В конце дня, когда зимнее солнце начало опускаться за горизонт, а сыпавшая с неба крупа превратилась в обильный снегопад, Мария почувствовала, как в ней нарастает горькая обида на своего сына. Он посмеялся над ее усилиями, которые она затратила, чтобы предупредить его, да еще и украл у нее коня. Она не ждала от него благодарности, когда ехала в Кроу-Таун. Джо никогда не был благодарным людям, что бы они ни делали для него. Но она не предполагала, что он украдет ее лошадь и оставит пешей посреди зимы в окружении лихих техасцев. Это было жестоко и заставляло задуматься, уж не желает ли он ее смерти. Обратный путь в Охинагу был неблизким и полным опасностей. С Кузнечиком у нее было больше шансов вернуться домой целой и невредимой. Без лошади ей придется туго. Она может замерзнуть или попасть в руки жестоких людей.

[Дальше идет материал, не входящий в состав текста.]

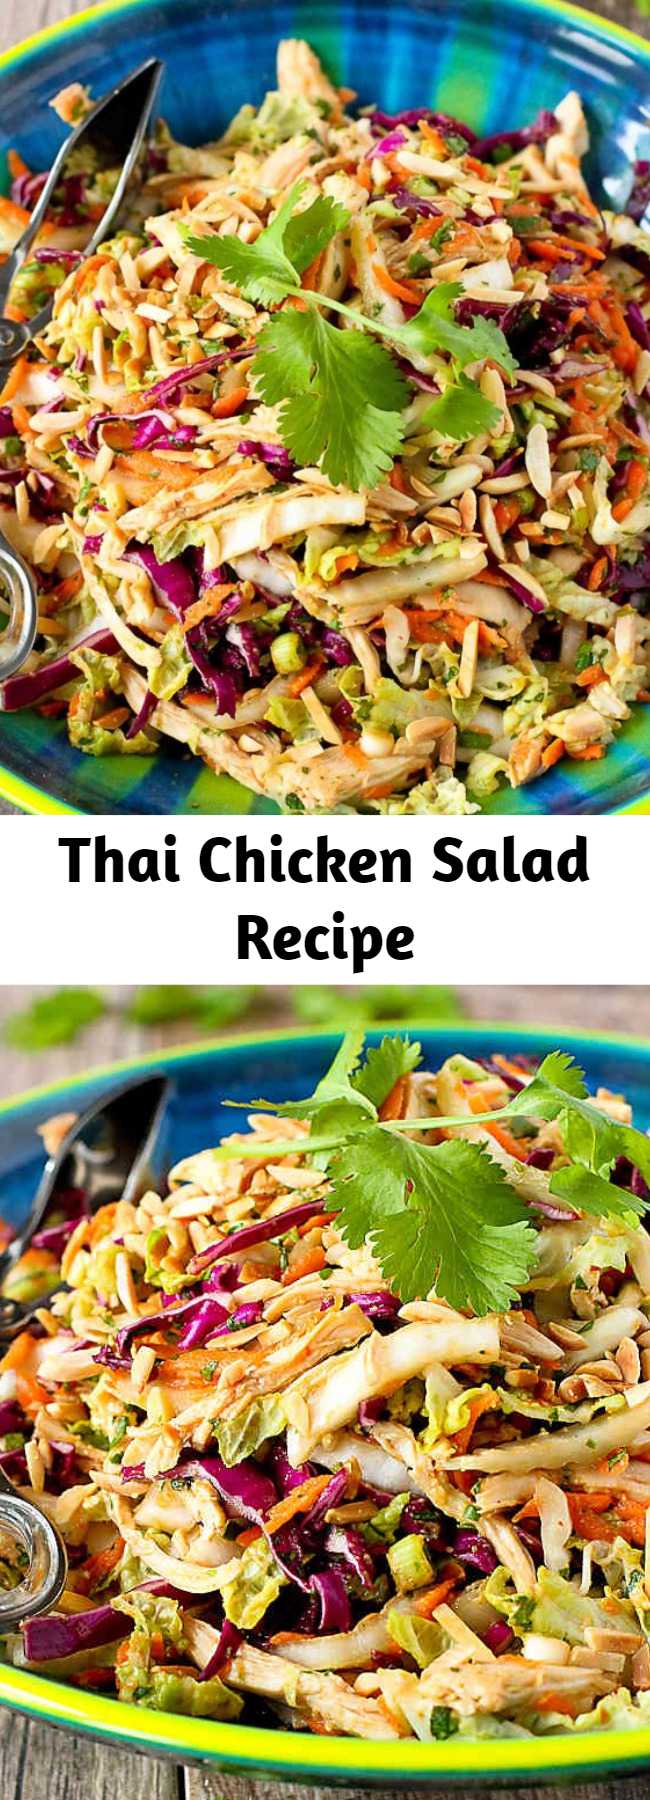 Thai Chicken Salad Recipe - This Thai Chicken Salad recipe is always the star of the show whenever it’s served at our table. This easy, healthy salad come together in 15 to 20 minutes. 236 calories and 4 Weight Watchers Freestyle SP #chicken #weightwatchers #healthy #recipe

Лошади в Кроу-Тауне были. Она видела их своими глазами. Некоторые из мужчин приезжали посмотреть на разделку верхом на лошадях. Но у Марии не было денег, чтобы купить лошадь. Если же она украдет одну из них и будет схвачена, ей не миновать виселицы. Она не сомневалась, что они повесят ее, когда схватят. Если не найдется дерева, они будут растягивать ее между двумя лошадьми, пока у нее не оторвется голова. Она видела, как это делали федералы. Так они поступили с Раулем, братом Бенито. Привязав его между двумя лошадьми, они тянули их в разные стороны до тех пор, пока у Рауля не оторвалась голова. Мексиканское повешение, так называли это техасцы, хотя сами тоже делали так, если рядом не было деревьев.

Мария решила отправиться пешком. Так она сможет хоть спрятаться в полыни. Она осмотрела комнату Джо, пытаясь найти что-нибудь полезное. Может быть, он оставил какие-нибудь деньги, думала она, но денег в комнате не было. Габриела с Мариетой пытались остановить ее, ибо боялись Джо.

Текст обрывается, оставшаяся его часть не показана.